Handle device init failures and record that as an error, if the GPU has less than 3 gb of VRAM

2025-07-01 07:01:06 +02:00 · 2022-11-11 16:13:27 +05:30
parent c13bccc7ae
commit 3fdd8d91e2
2 changed files with 13 additions and 19 deletions
--- a/ui/sd_internal/runtime.py
+++ b/ui/sd_internal/runtime.py
@ -144,22 +144,21 @@ def device_init(device_selection):
        thread_data.device = 'cpu'
        thread_data.device_name = get_processor_name()
        print('Render device CPU available as', thread_data.device_name)
-        return
+        return True
    if not torch.cuda.is_available():
        if device_selection == 'auto':
            print('WARNING: Could not find a compatible GPU. Using the CPU, but this will be very slow!')
            thread_data.device = 'cpu'
            thread_data.device_name = get_processor_name()
-            return
+            return True
        else:
            raise EnvironmentError(f'Could not find a compatible GPU for the requested device_selection: {device_selection}!')

    if device_selection == 'auto':
        device_count = torch.cuda.device_count()
-        if device_count == 1:
-            device_select('cuda:0')
+        if device_count == 1 and device_select('cuda:0'):
            torch.cuda.device('cuda:0')
-            return
+            return True

        print('Autoselecting GPU. Using most free memory.')
        max_mem_free = 0
@ -177,23 +176,14 @@ def device_init(device_selection):
        if best_device and device_select(best_device):
            print(f'Setting {device} as active')
            torch.cuda.device(device)
-            return
+            return True

-    if device_select(device_selection):
+    if device_selection != 'auto' and device_select(device_selection):
        print(f'Setting {device_selection} as active')
        torch.cuda.device(device_selection)
-        return
+        return True

-    # By default use current device.
-    print('Checking current GPU...')
-    device = f'cuda:{torch.cuda.current_device()}'
-    device_name = torch.cuda.get_device_name(device)
-    print(f'{device} detected: {device_name}')
-    if device_select(device):
-        return
-    print('WARNING: No compatible GPU found.
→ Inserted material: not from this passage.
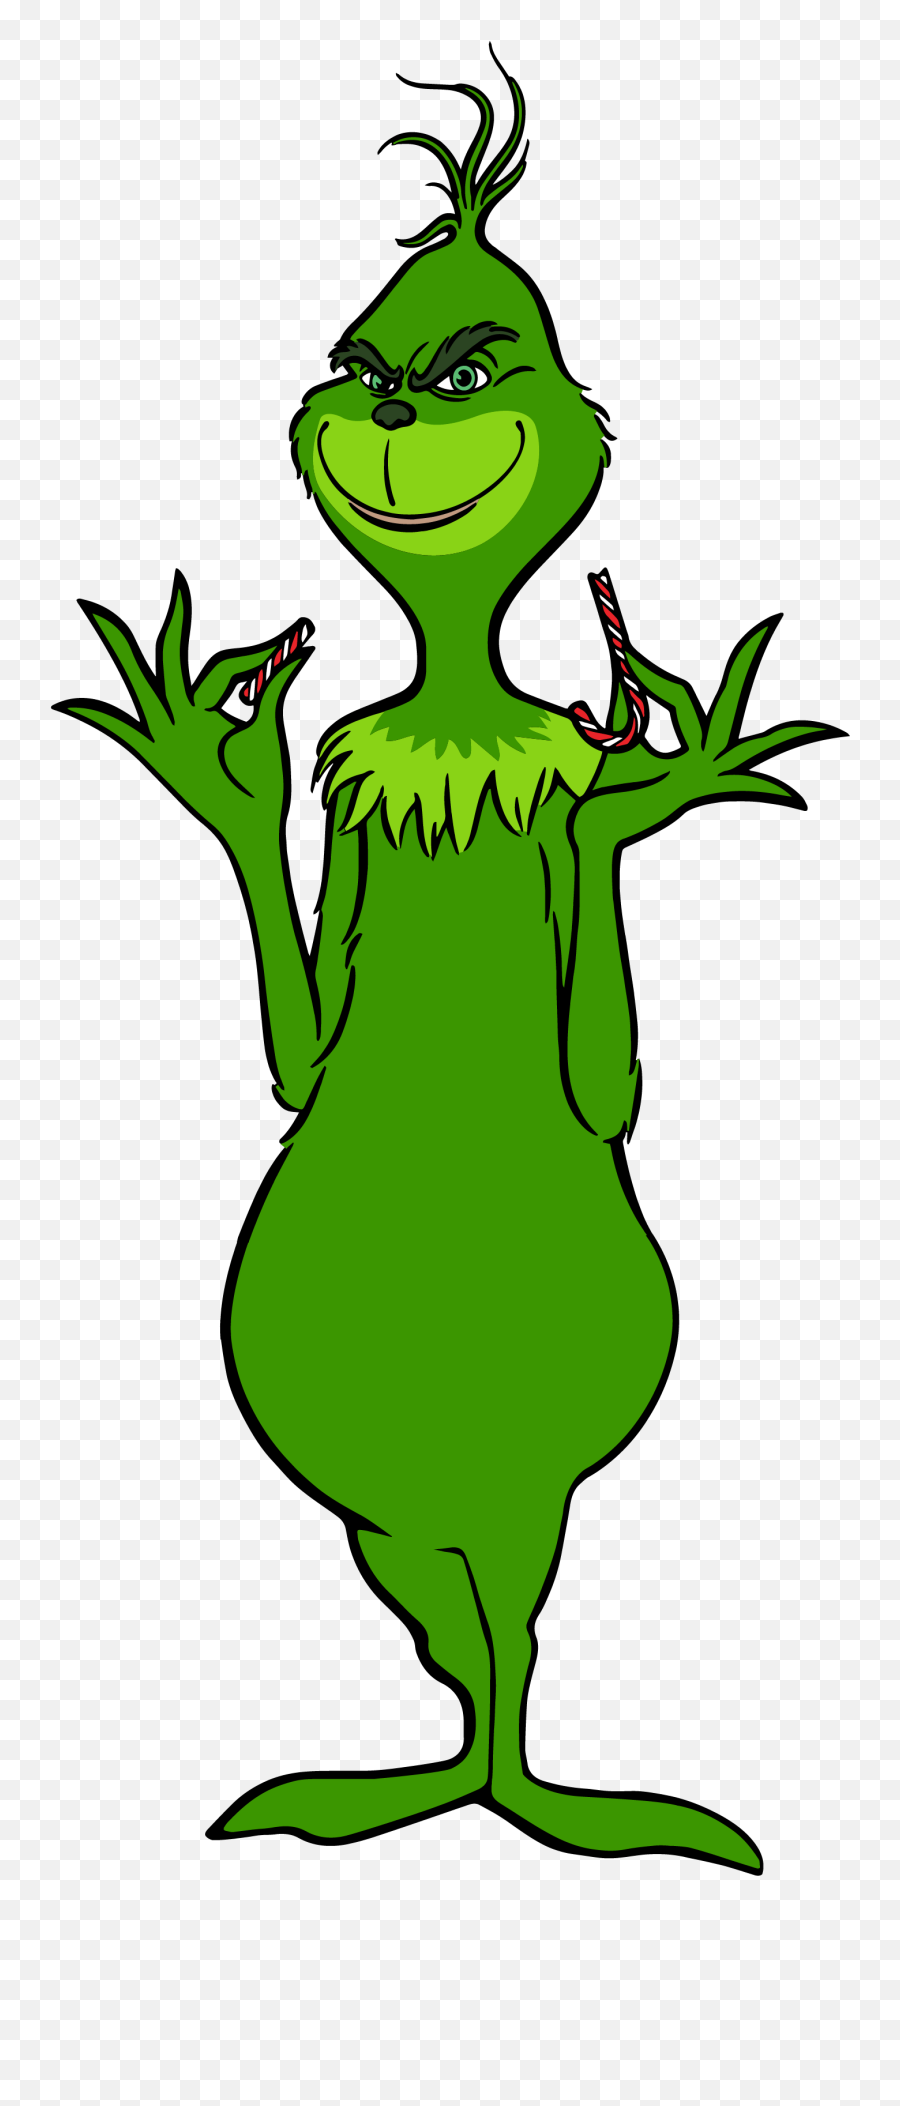 Pin On The Grinch Svg - Animated Cartoon Emoji,Grinch Clipart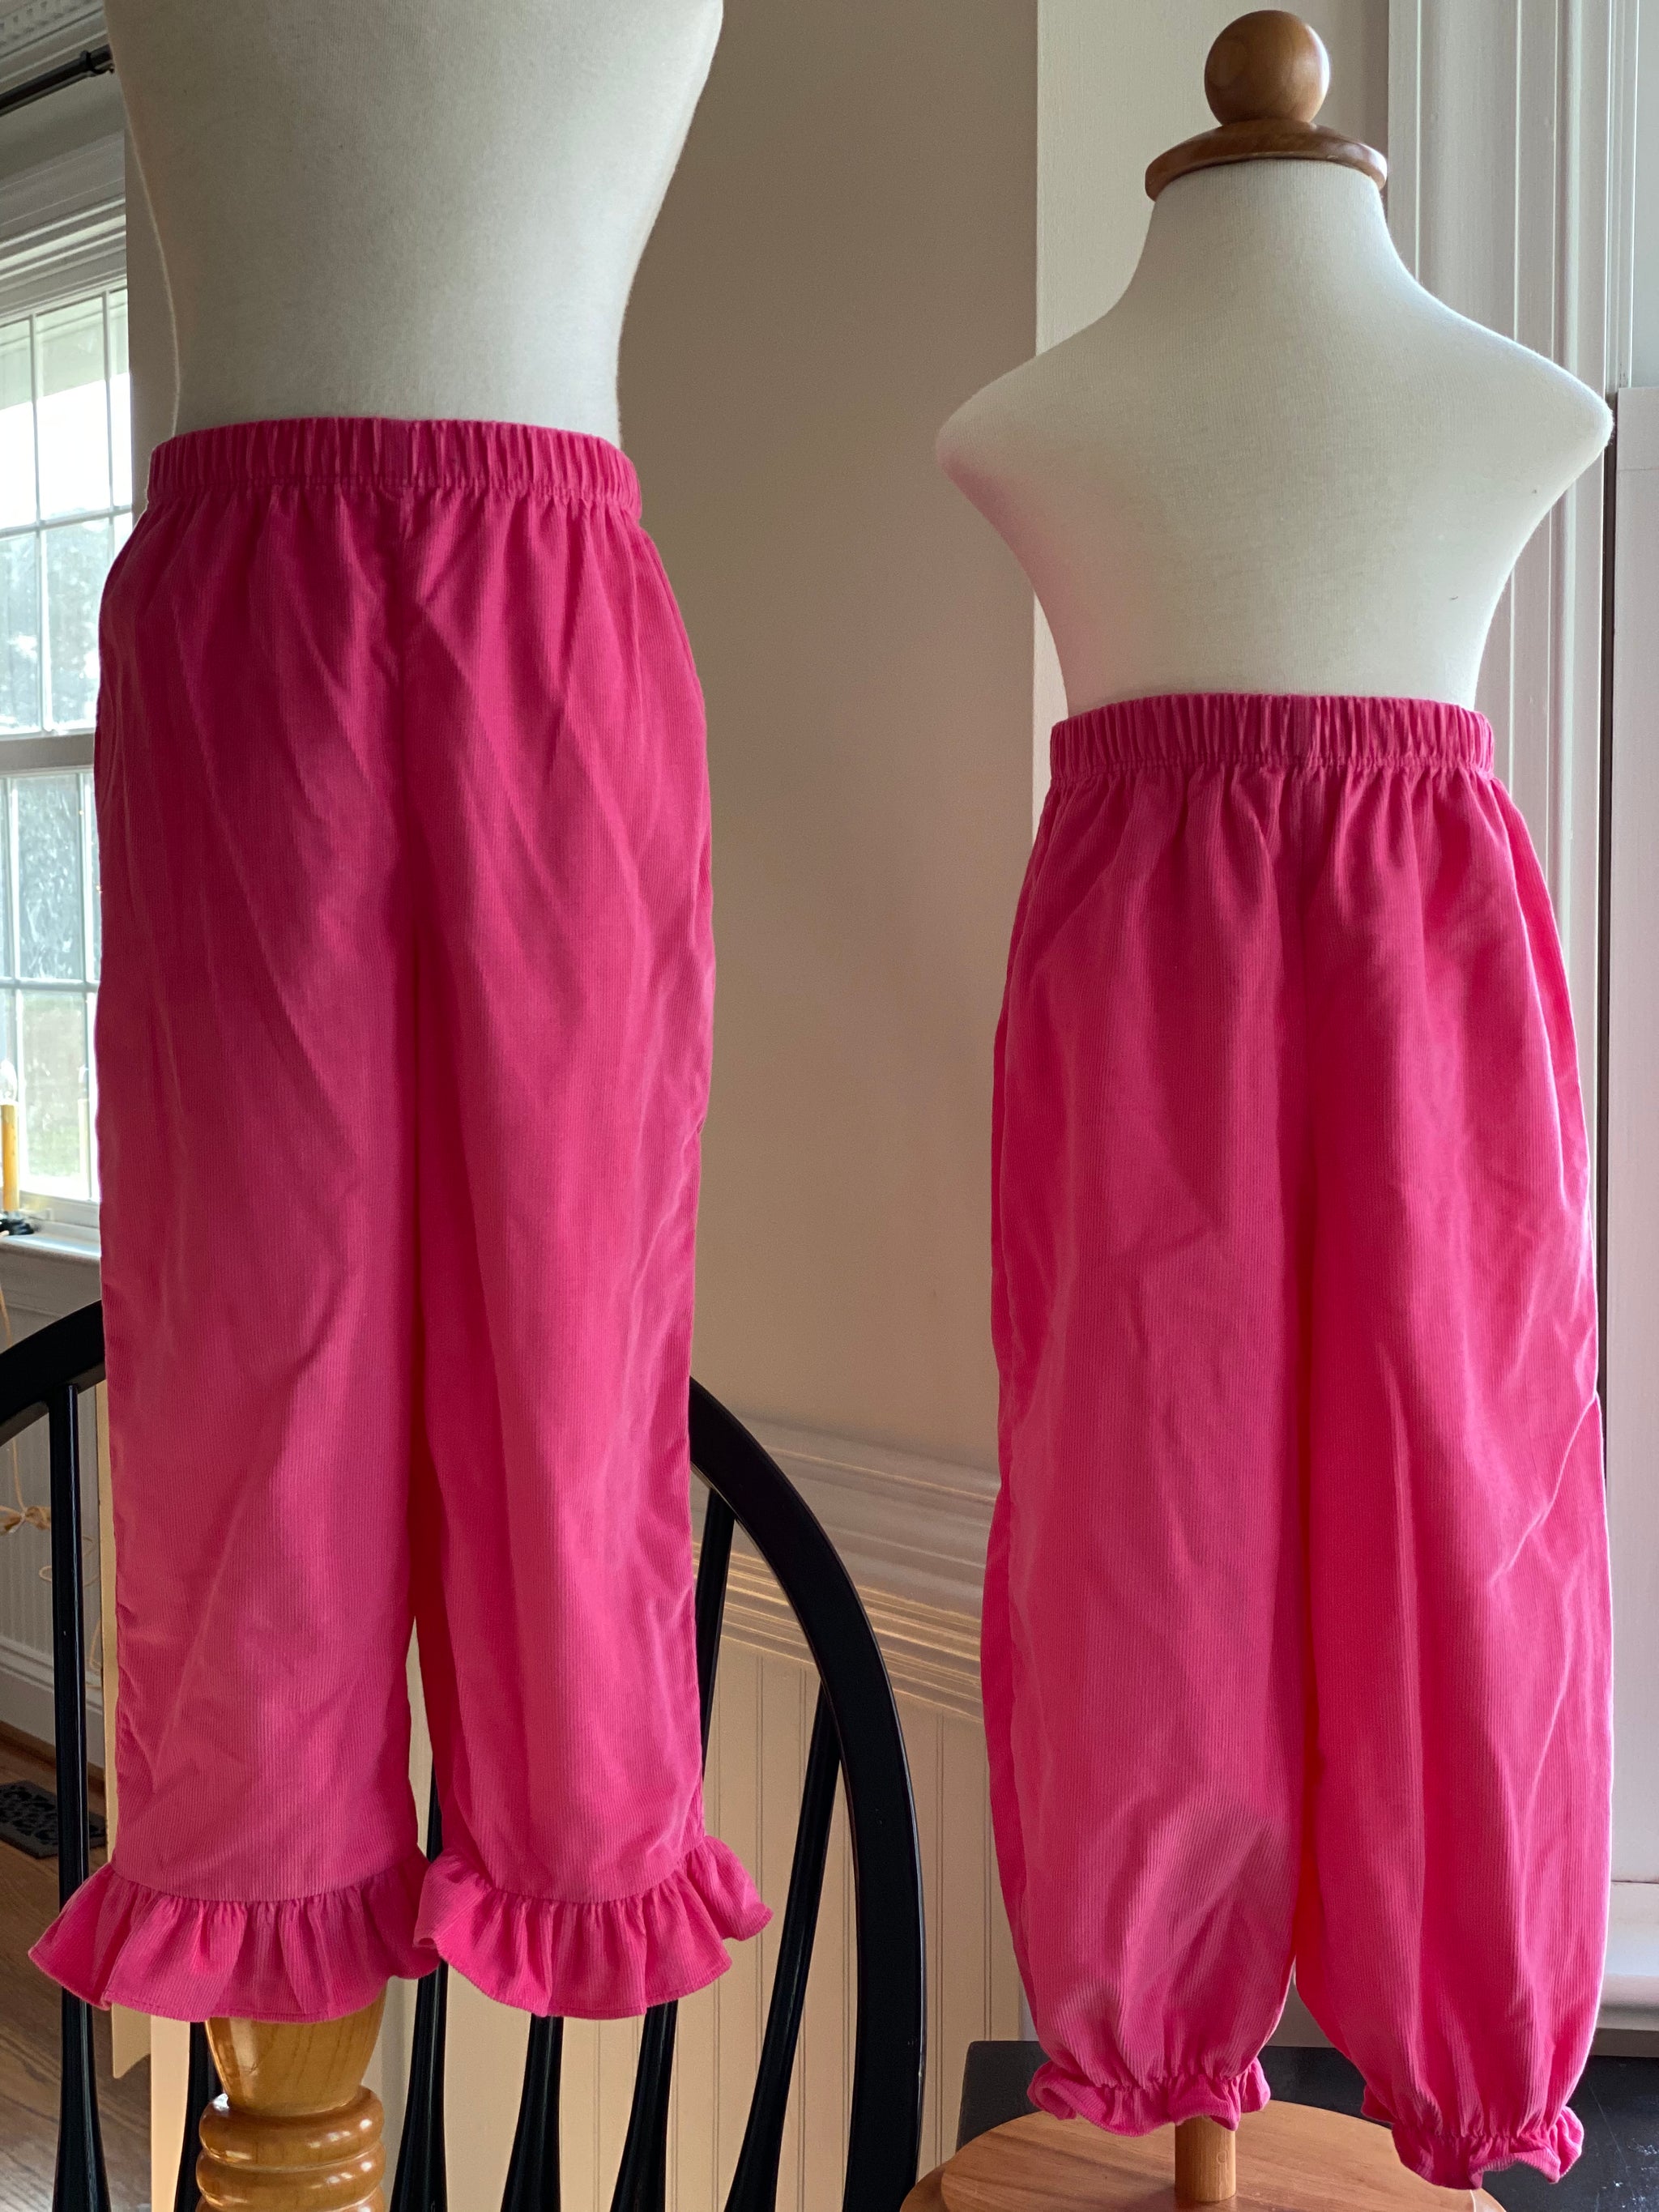 Girls Bright Pink Corduroy Bubble or Ruffle Pants - The Bubble Bee

Using the CPU, but this will be very slow!')
-    thread_data.device = 'cpu'
-    thread_data.device_name = get_processor_name()
+    return False

 def load_model_ckpt():
    if not thread_data.ckpt_file: raise ValueError(f'Thread ckpt_file is undefined.')
--- a/ui/sd_internal/task_manager.py
+++ b/ui/sd_internal/task_manager.py
@ -253,7 +253,11 @@ def thread_render(device):
    global current_state, current_state_error, current_model_path, current_vae_path
    from . import runtime
    try:
-        runtime.device_init(device)
+        if not runtime.device_init(device):
+            weak_thread_data[threading.current_thread()] = {
+                'error': f'Could not start on the selected device: {device}'
+            }
+            return
    except Exception as e:
        print(traceback.format_exc())
        weak_thread_data[threading.current_thread()] = {